Transcendent Work

The motivation to produce good and useful work should not be motivated by profit alone, but rather by the ideas of continuous self-improvement, and the manufacture of a product that is of some extra use to humanity (primarily through individual development). This is the exact purpose of translating Chinese texts into a reliable English. Of course, others may or may not offer a financial incentive for this highly-skilled and time-consuming work, but the presence or absence of this incentive should not be the defining reason ‘why’ the work is carried-out. Both Ch’an Master Xu Yun (1840-1959) and Daoist Master Zhao Bichen (1860-1942) rejected the notion of blatant and naked monetary profit as a good enough (or truly ‘virtuous’) reason to do anything worthwhile, telling or long-lasting. Xu Yun, of course, was a Buddhist monk who strictly followed the Vinaya Discipline, and although he sometimes acted as a conduit for collecting funds to renovate temples and relieve poverty amongst the people, he possessed nothing for himself.

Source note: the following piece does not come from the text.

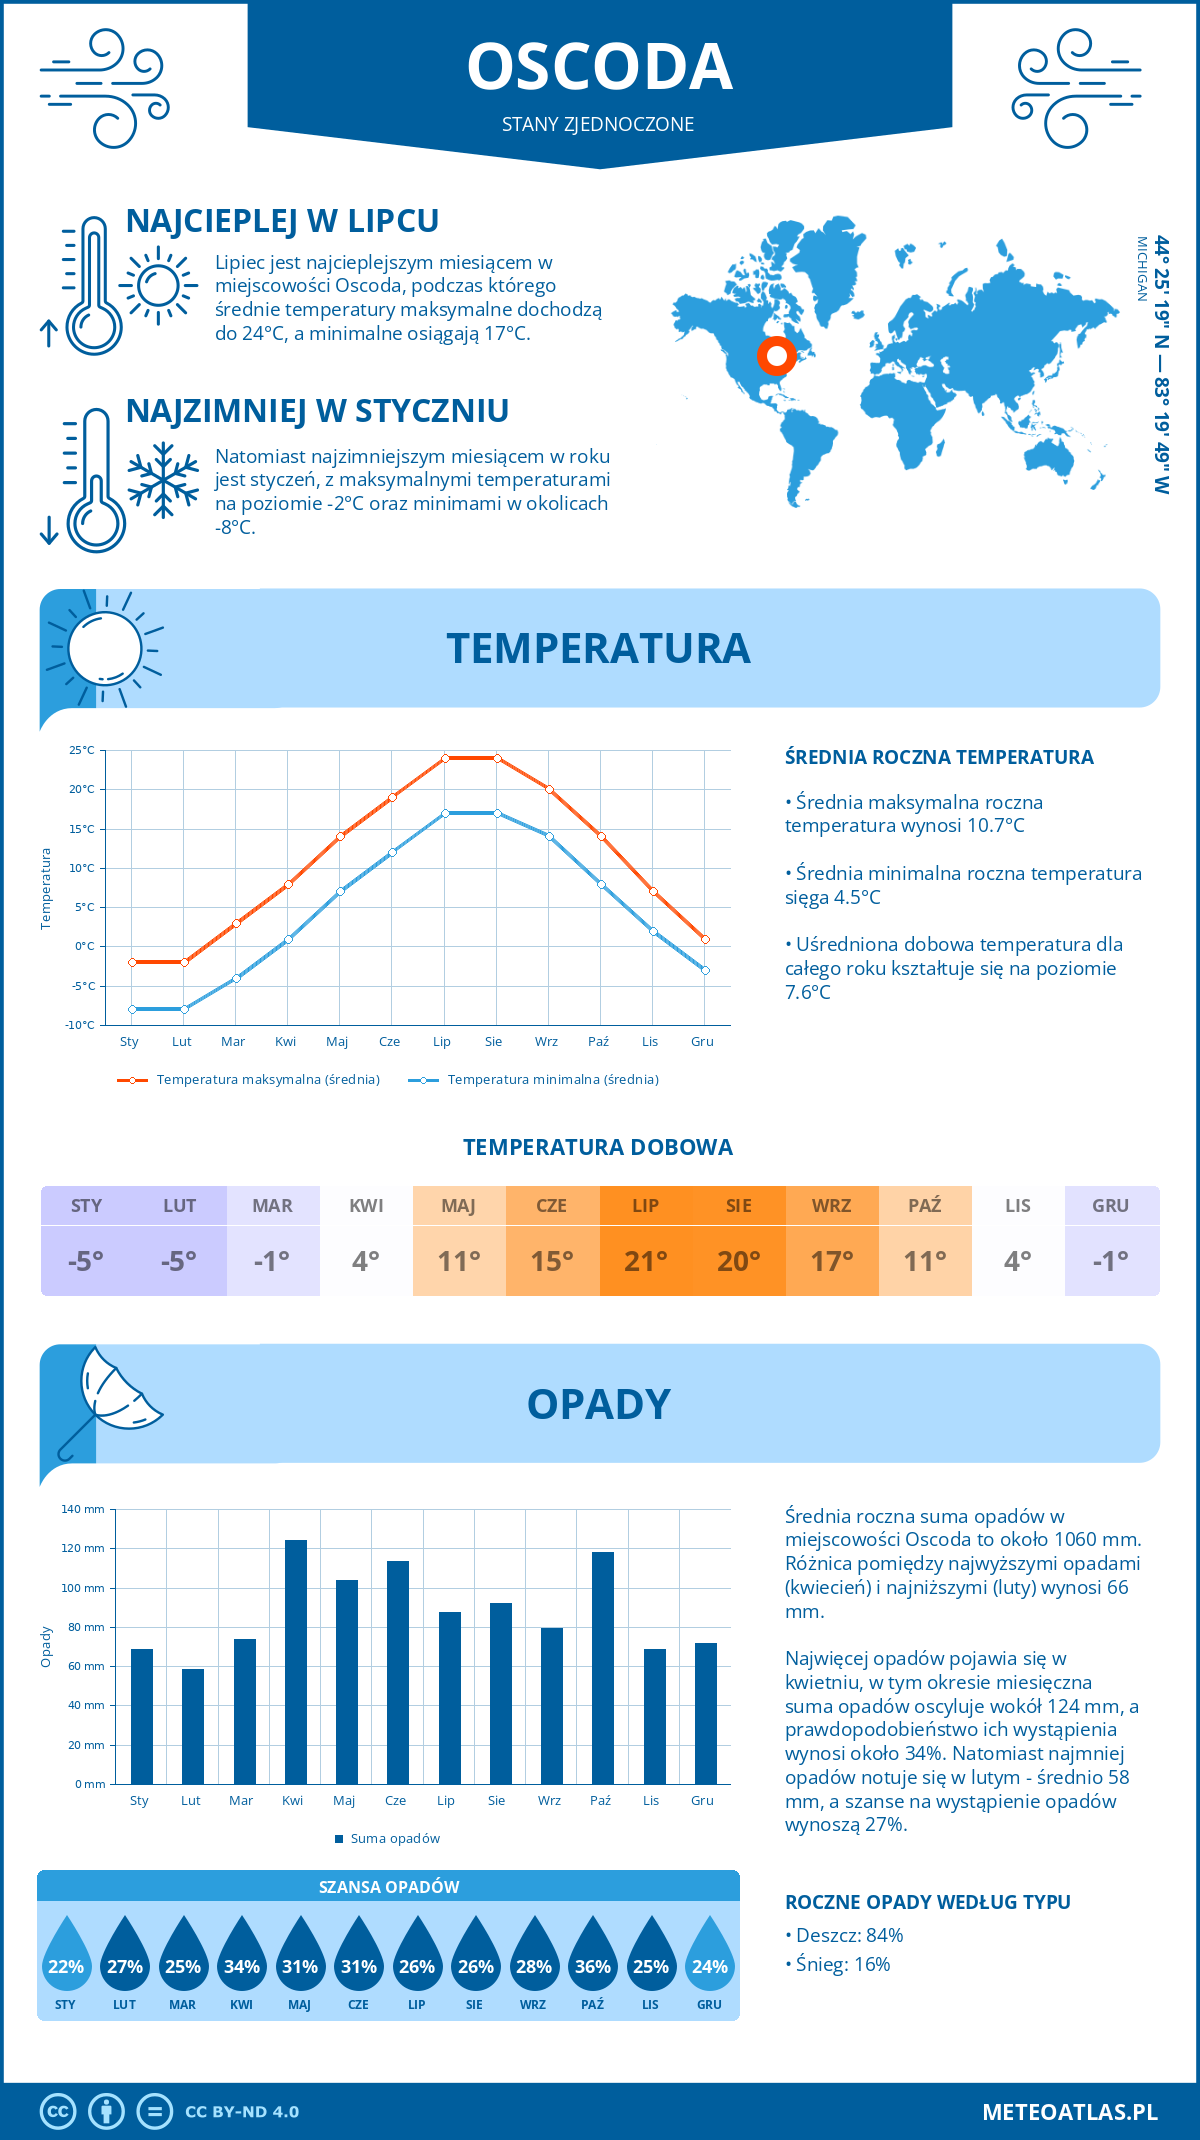 Pogoda Oscoda (Stany Zjednoczone). Temperatura oraz opady.

Zhao Bichen was a lay-Daoist who worked for a living (as both a salt tax-collector and bodyguard) as a means to feed himself and his family, and yet despite this economic imperative (i.e. work or starve), he chose to teach anyone regardless of their social background, wealth, status or ability to pay. Richard Hunn once explained this selfless attitude to me as providing the means for others to self-develop without the economic imperative getting in the way. Yes, others might well pay with money, time, books, precious items, sincerity, kindness, attentiveness, hard work, or any number of ways, but this should not be the reason for teaching. An economically poor person might well possess a more virtuous character than a person with easy access to wealth – either way the interaction should be toward ‘transcendence’ of current circumstances, and not concretisation through the insistence upon convention. Is this an easy task to fulfil? Obviously not, as many times such a teacher must accept a simple life premised upon living in a state of voluntary poverty. In such an existence, it is cultural knowledge and the ability to ‘see’ what others cannot see that is the common currency.